The numbers are a generational leap over Gemma 3:

Reasoning and Knowledge

Benchmark	31B	26B-A4B	E4B	E2B
MMLU Pro	85.2%	82.6%	69.4%	60.0%
AIME 2026 (no tools)	89.2%	88.3%	42.5%	37.5%
GPQA Diamond	84.3%	82.3%	58.6%	43.4%
BigBench Extra Hard	74.4%	64.8%	33.1%	21.9%

For context, Gemma 3’s BigBench Extra Hard score was 19.3%. The 31B hits 74.4%.

Coding

Benchmark	31B	26B-A4B	E4B	E2B
LiveCodeBench v6	80.0%	77.1%	52.0%	44.0%
Codeforces ELO	2150	1718	940	633

Vision

Benchmark	31B	26B-A4B	E4B	E2B
MMMU Pro	76.9%	73.8%	52.6%	44.2%
MATH-Vision	85.6%	82.4%	59.5%	52.4%

On LMArena’s text-only leaderboard, the 31B ranks #3 globally among open models with an ELO of ~1452.

Multimodal and Agentic Capabilities

Every Gemma 4 model supports multimodal input out of the box:

Image understanding with variable aspect ratio and resolution
Video comprehension up to 60 seconds at 1 fps (26B and 31B)
Audio input for speech recognition and translation (E2B and E4B)

On the agentic side, Gemma 4 includes native function calling, structured JSON output, multi-step planning, and configurable extended thinking/reasoning mode. It can also output bounding boxes for UI element detection — useful for browser automation and screen-parsing agents.

On-Device Deployment

The smaller models are designed to run on edge hardware:

E2B fits in under 1.5 GB with 2-bit quantization
On a Raspberry Pi 5: 133 tokens/sec prefill, 7.6 tokens/sec decode
Runs on Android, iOS, Windows, Linux, macOS, WebGPU browsers, and Qualcomm IQ8 NPUs

Google partnered with Pixel, Qualcomm, MediaTek, ARM, and NVIDIA to optimize deployment across these targets.
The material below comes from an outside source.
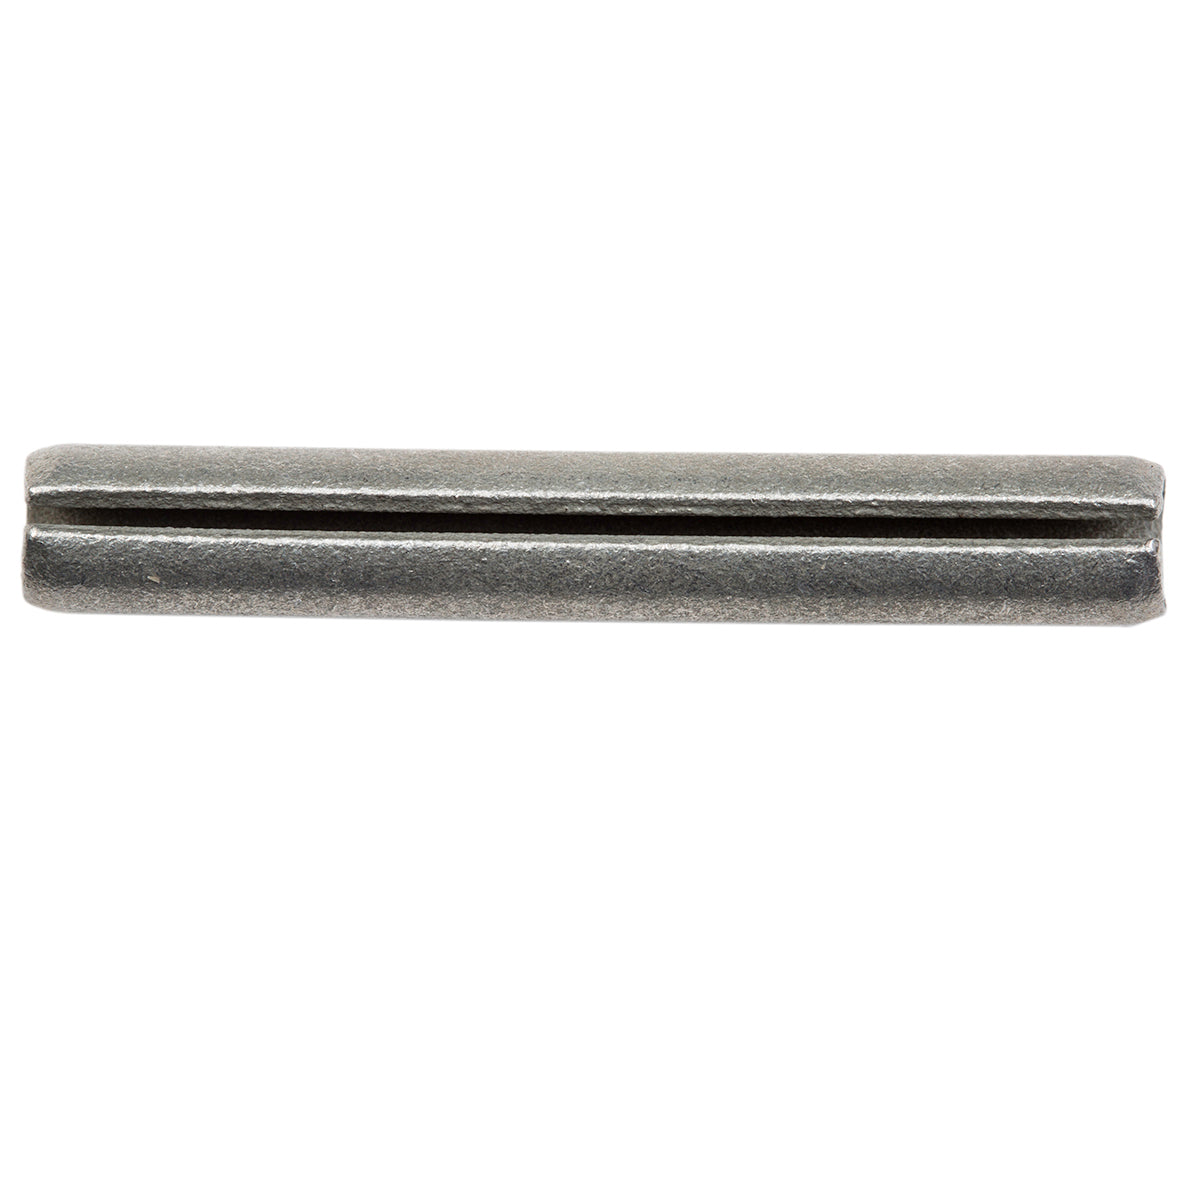 John Deere Slotted Spring Pin For Use On Many Models of Riding Lawn Equipment and Implements

NVIDIA is distributing Gemma 4 through their RTX AI Garage for local inference on RTX GPUs.

How to Access Gemma 4

Gemma 4 is available now across multiple platforms:

Hugging Face: google/gemma-4-31B-it, google/gemma-4-26B-A4B-it, google/gemma-4-E4B-it, google/gemma-4-E2B-it
Google AI Studio for API access (31B and 26B)
Ollama for local inference
Kaggle for model weights
Vertex AI, Cloud Run, GKE for production deployments

Day-one framework support includes Hugging Face Transformers, vLLM, llama.cpp, MLX (Apple Silicon), LM Studio, and transformers.js for in-browser inference.

Hardware Requirements

Model	Minimum VRAM
E2B	8 GB / Apple Silicon
E4B	12–16 GB
26B-A4B	24 GB (A100)
31B	40+ GB (H100 for bf16)

The Apache 2.0 License Shift

Previous Gemma releases used a custom license with restrictions on commercial use and content policies. Gemma 4 ships under Apache 2.0 — the same permissive license used by Qwen 3.5 and more open than Llama 4’s community license.
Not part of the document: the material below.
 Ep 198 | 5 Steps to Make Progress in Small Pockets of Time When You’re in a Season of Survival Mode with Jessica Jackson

This means no monthly active user limits, no acceptable-use policy enforcement, and full freedom for sovereign and commercial AI deployments. For organizations building products on open models, the licensing clarity matters as much as the benchmark numbers.

Bottom Line

Gemma 4 represents a serious move from Google in the open model space. The 31B dense model competes with models many times its size on reasoning and coding benchmarks. The MoE variant delivers nearly the same quality at a fraction of the inference cost. And the E2B model brings genuine multimodal intelligence to devices with under 2 GB of available memory.

Combined with the Apache 2.0 license, Gemma 4 gives developers a compelling option whether they’re building cloud-scale agentic systems or shipping on-device AI to mobile and IoT hardware.